Is there a way to add the date from my dataset? So i want the output "Date", "Text", "Score",...

Best Answer

  • MartinLiebigMartinLiebig Administrator, Moderator, Employee, RapidMiner Certified Analyst, RapidMiner Certified Expert, University ProfessorPosts:3,438RM Data Scientist
    Solution Accepted

    Hi,

    i've sent you a version of the new operator via mail. I will add it to the marketplace toolbox if this is what you need.

    Cheers,

    Martin

    - Sr. Director Data Solutions, Altair RapidMiner -
    Dortmund, Germany
    sgenzer

Answers

  • Benedict_von_AhBenedict_von_Ah MemberPosts:8Contributor II

    Here is my process:






























































































































































    <参数键= Value =“值属性权重"/>

















































































































































  • Thomas_OttThomas_Ott RapidMiner Certified Analyst, RapidMiner Certified Expert, MemberPosts:1,761Unicorn

    Your XML process is corrupted. Please open the XML view and copy the XML from there.

    sgenzer
  • Benedict_von_AhBenedict_von_Ah MemberPosts:8Contributor II

    how do i get to the xml view?

  • Benedict_von_AhBenedict_von_Ah MemberPosts:8Contributor II






























































































    <参数键= Value =“值属性权重"/>



















































































    <连接from_op = from_port = " outp“循环收集”ut 1" to_op="Apply Dictionary Based Sentiment" to_port="doc"/>
    <连接from_op = "应用基于字典的情绪" from_port="res" to_op="Write CSV" to_port="input"/>
    <连接from_op = "应用基于字典的情绪" from_port="doc" to_op="Process Documents" to_port="documents 1"/>









  • Thomas_OttThomas_Ott RapidMiner Certified Analyst, RapidMiner Certified Expert, MemberPosts:1,761Unicorn
  • Benedict_von_AhBenedict_von_Ah MemberPosts:8Contributor II

    yea, thanks

    my code is just above your comment

  • Thomas_OttThomas_Ott RapidMiner Certified Analyst, RapidMiner Certified Expert, MemberPosts:1,761Unicorn

    Have you tried using a Set Role to set your Date value as an ID role in the first subprocess? That should flow through the process

  • Benedict_von_AhBenedict_von_Ah MemberPosts:8Contributor II

    hey thanks, i fixed the date problem with excel but got to a new problem.

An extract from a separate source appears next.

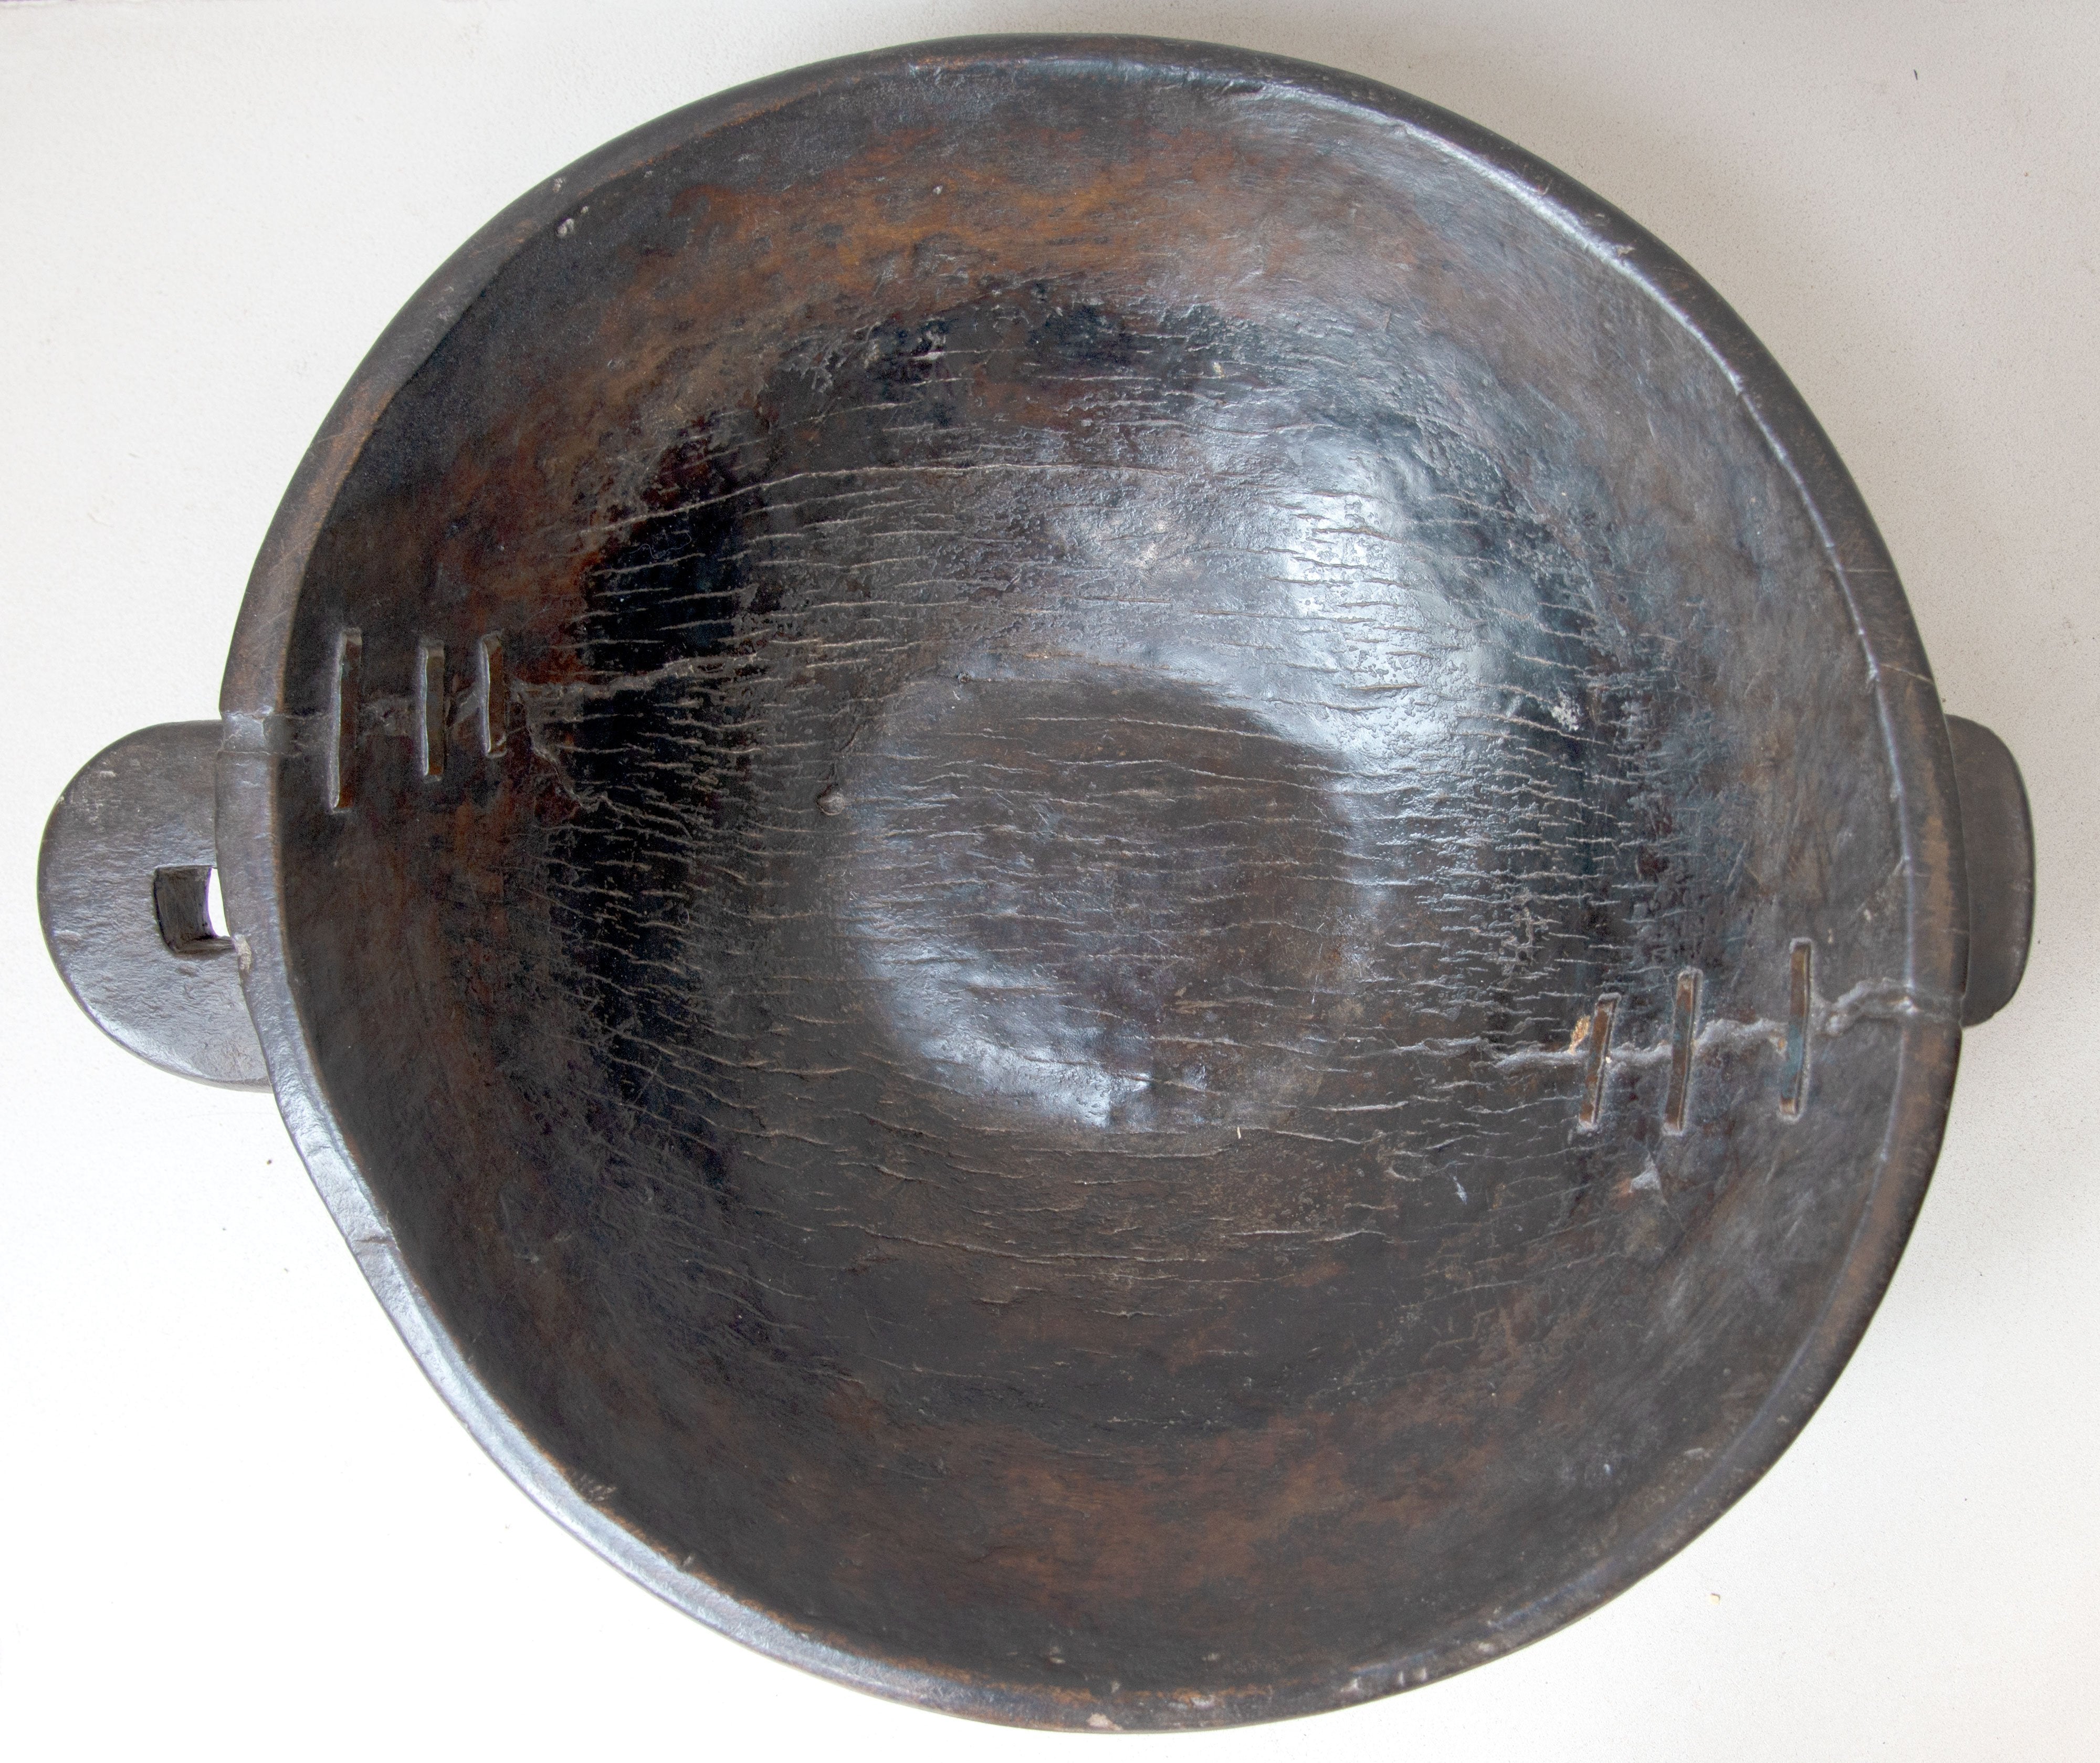 Ethiopian Bowl

    do you know a way how i can get to the number of covered/ recognised tokens for each of my text set?

    So the text of day 1 contains 50 tokens and with the dictionary model i get the score of i.e. +2, but i don't know if it is a single word with the weighting of +2 or if its a 100 words with a weighting of 0.02.

    That would be very important to know.

    My code is still the same as above

    Thanks

  • MartinLiebigMartinLiebig Administrator, Moderator, Employee, RapidMiner Certified Analyst, RapidMiner Certified Expert, University ProfessorPosts:3,438RM Data Scientist

    Hi,

    this is not yet implemented, but not too hard to do... I will check if i can to this tomorrow.

    Edit: As a work around: you can simply set all weights to -1 or +1 and run it a second time. Afterwards you just rename and join the results.

    Best,

    Martin

    - Sr. Director Data Solutions, Altair RapidMiner -
    Dortmund, Germany
    sgenzer
  • simon_kuehnesimon_kuehne MemberPosts:6Contributor I

    Hi Martin,

    could you also sent me the updated version?

    Best regards

    Simon

  • MartinLiebigMartinLiebig Administrator, Moderator, Employee, RapidMiner Certified Analyst, RapidMiner Certified Expert, University ProfessorPosts:3,438RM Data Scientist

    Dear@simon_kuehne

    it's on the marketplace. We've updated operator toolbox on Friday.

    Best,

    Martin

    - Sr. Director Data Solutions, Altair RapidMiner -
    Dortmund, Germany
    sgenzer
  • simon_kuehnesimon_kuehne MemberPosts:6Contributor I

    Hi Martin,

    thanks. I tried it but it didn't solve my problem.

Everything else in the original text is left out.